» Exercise prompt: Reproduce the section of the listing that begins at the line containing "Formulir Pendaftaran Calon" and finishes at the line containing "Трикотажный шнур с". Include both end lines and nothing beyond them.

» Records for the task:
··········

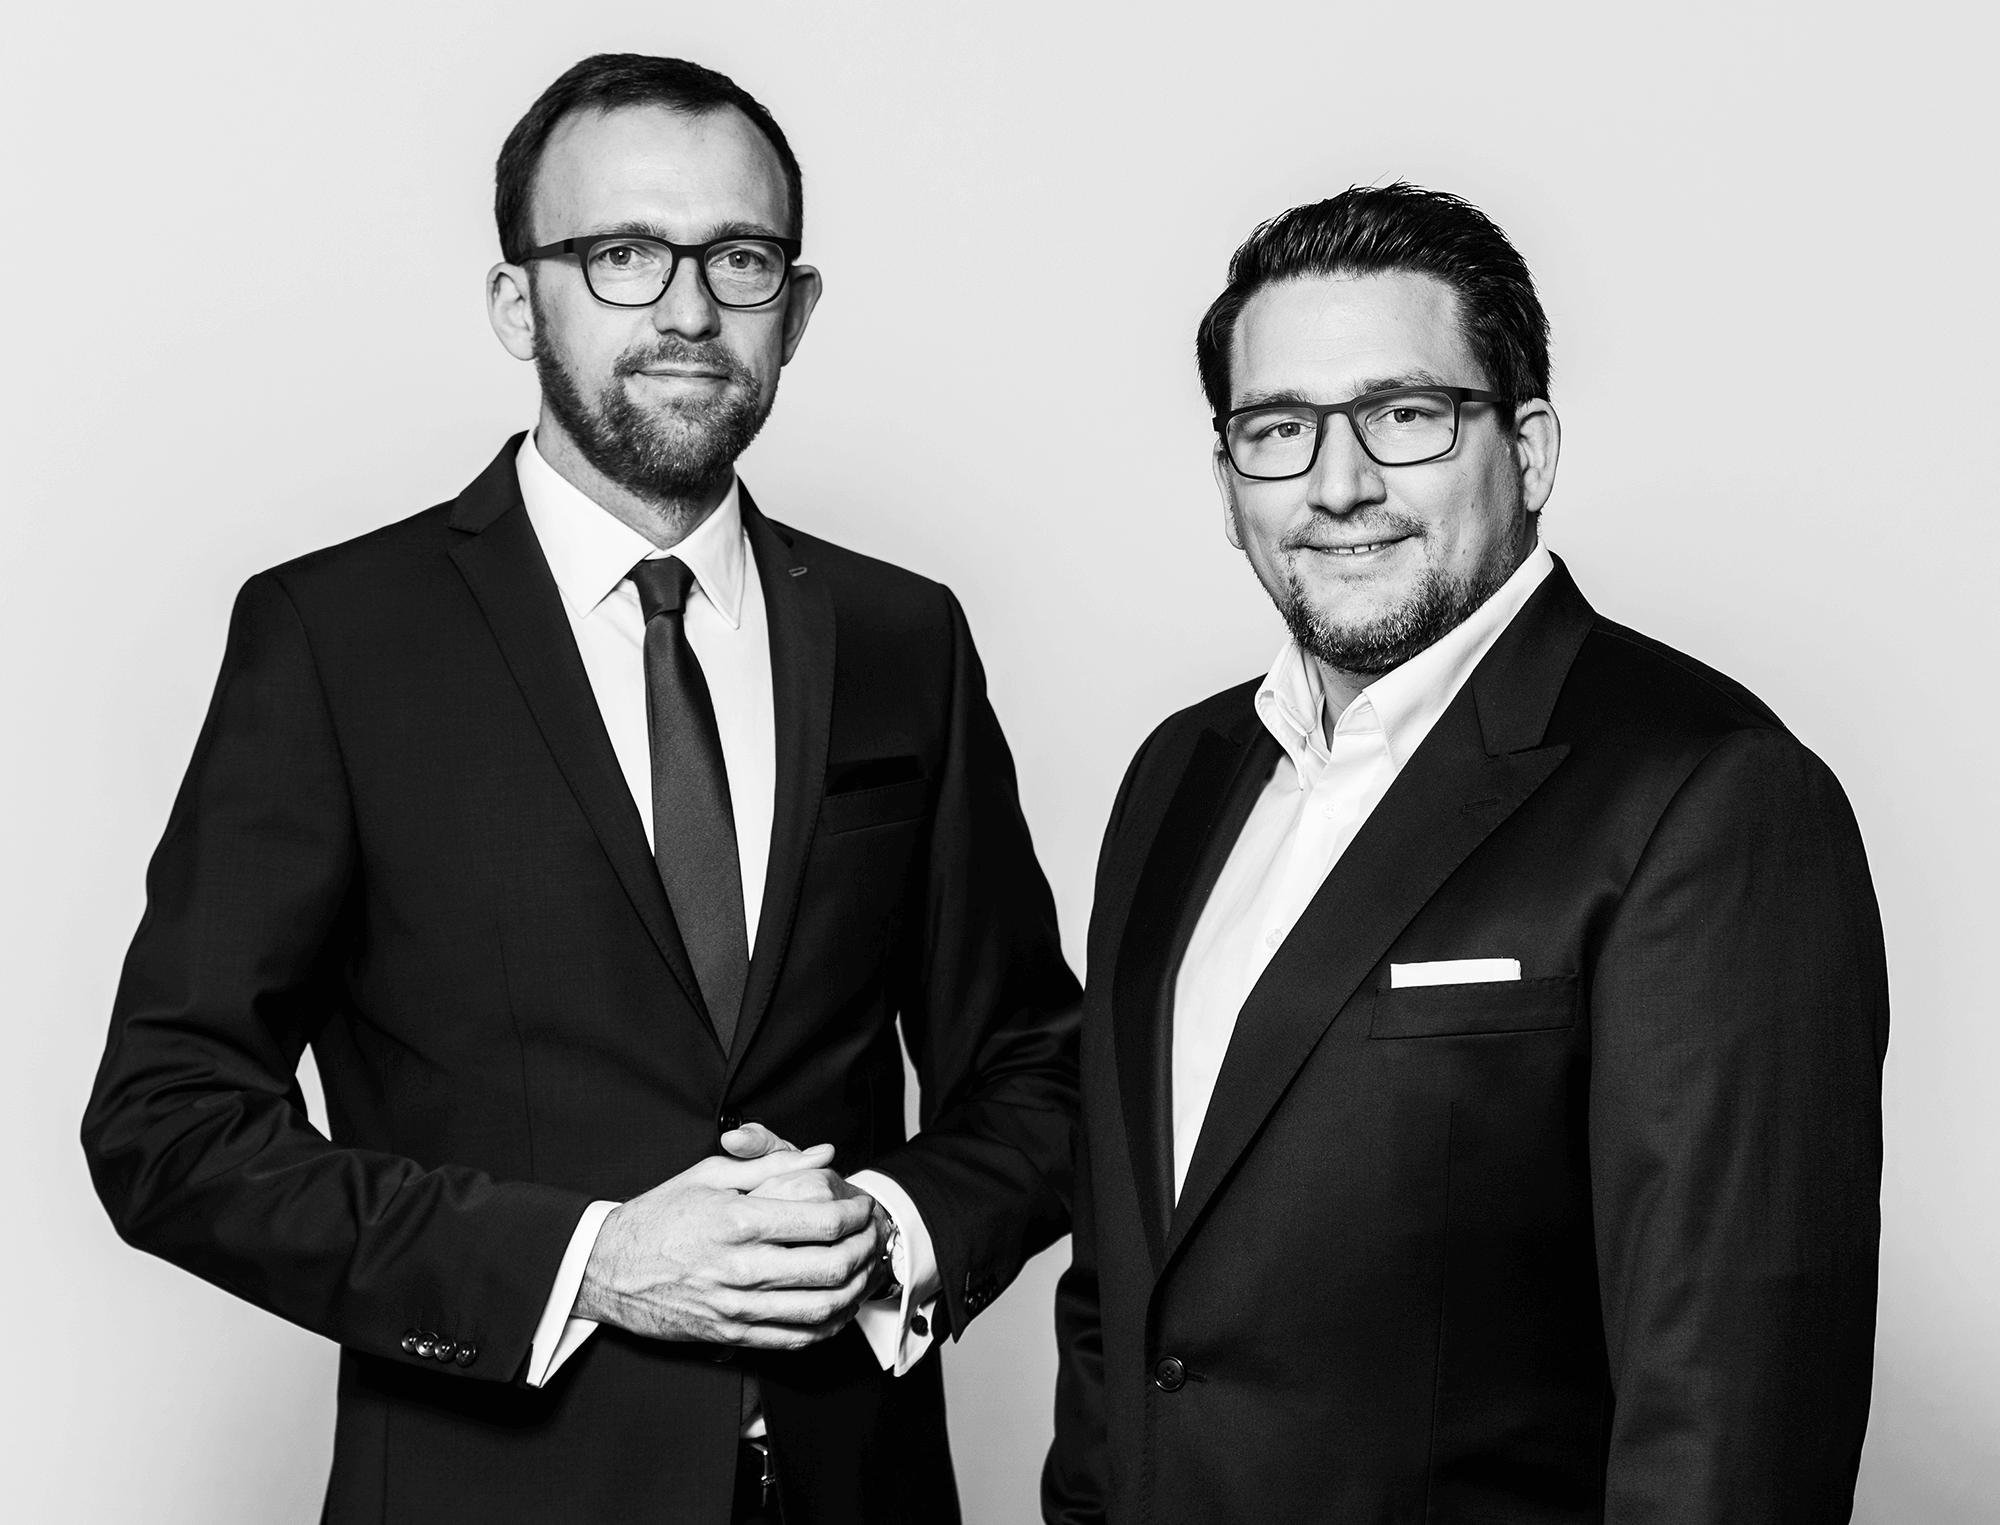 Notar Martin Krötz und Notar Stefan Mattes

··········

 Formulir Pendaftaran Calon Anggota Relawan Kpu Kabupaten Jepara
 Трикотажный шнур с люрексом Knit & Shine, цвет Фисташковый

··········

» Solved problem:
 Formulir Pendaftaran Calon Anggota Relawan Kpu Kabupaten Jepara
 Трикотажный шнур с люрексом Knit & Shine, цвет Фисташковый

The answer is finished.